Is that memcpy for program memory? If so, I just didn’t know it existed lol
Man thank you so much for this, I kept thinking “do I really want to go find this table online or generate it myself and just hope it’s the same”. The answer was no, so I really appreciate it.
Though perhaps the cases I’ve heard of where people managed to do it were with Arduino CLI or PlatformIO or something.
If I remember rightly I think there’s a file buried somewhere in %APPDATA% that stores those. (An .ini file, I think.)
I’ve never even so much as taken a computer science course, let alone stepped foot inside a university. My highest qualification is only college level.
I’m just well read. (Enough to know about SIMD, pipelining, branch prediction, caches, parse trees, parser combinators, static single-assignment form, continuation passing style, et cetera.)

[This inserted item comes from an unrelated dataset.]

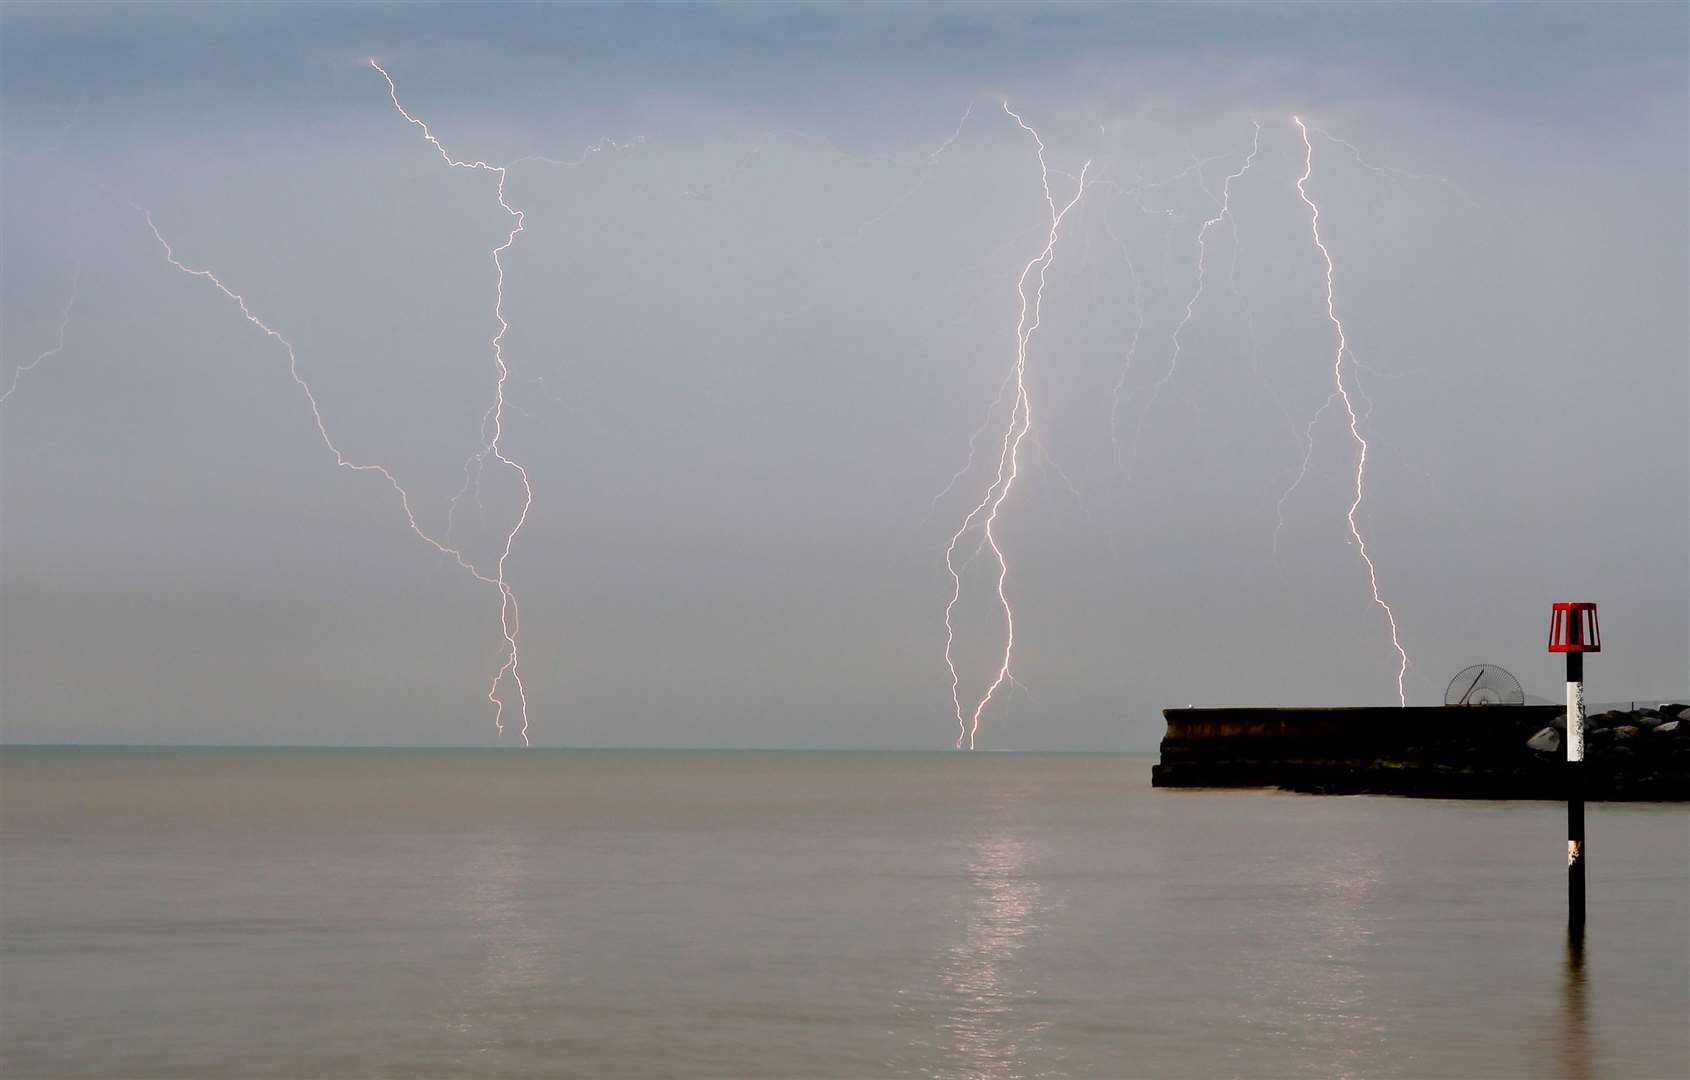 Thunderstorms are predicted. Picture: Shine Pix Ltd / Shaun Fellows
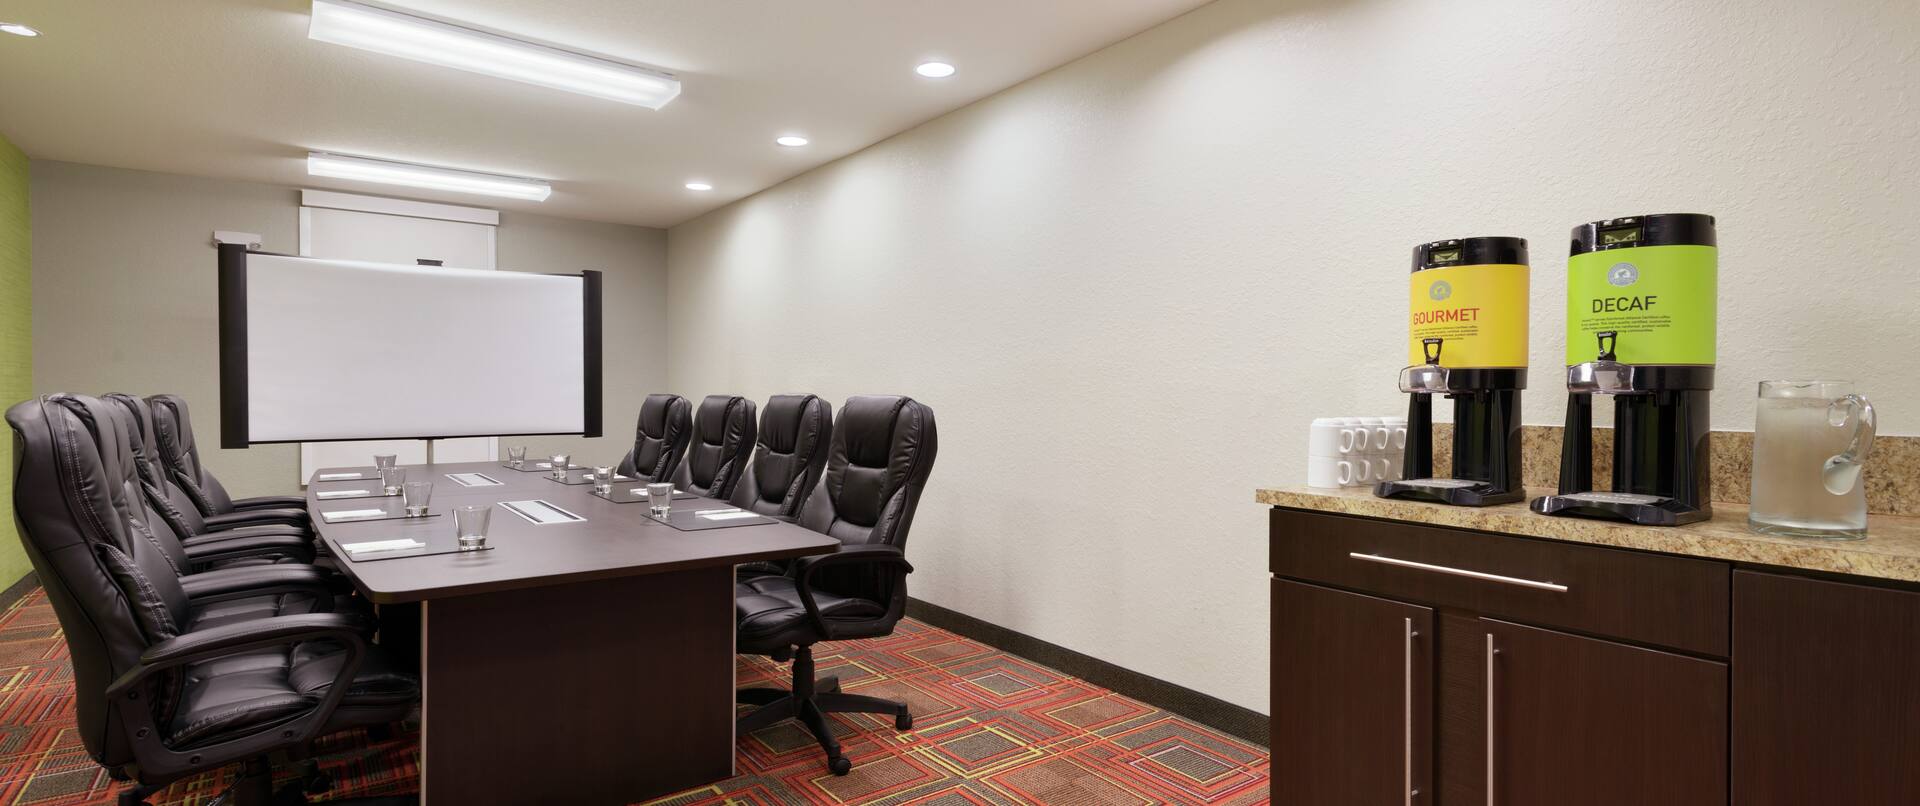 Conference Table, Chairs, and Hot Beverage Station in Meeting Room

Ironically 32-bit x86 and ARM both date back to the 80s, whereas 8-bit AVR debued in '96.
It’s technically modern, it’s just very… trimmed down, I shall say.
Which usually means consume fewer resources, waste less memory, and perhaps resort to manual memory management rather than relying on a GC.
(Or do sneaky things like the small string optimisation.)
Eh, I just trust the compiler to inline functions.
Functions defined in headers usually have to be marked inline anyway, and template functions are more likely to be inlined by nature of how they’re implemented.
Yeah, but the issue is that branch instructions can only branch on one flag and that > 0 should theoretically require both N and Z to be tested, whereas < 0 should only need to test N. I.e. > 0 should produce an extra branch instruction because of the second flag test.
(Come to think of it, I probably should have mentioned it in this old thread. Maybe I’ll go back and add it later. I was more concerned about the number of people using pgm_read_word instead of pgm_read_ptr.)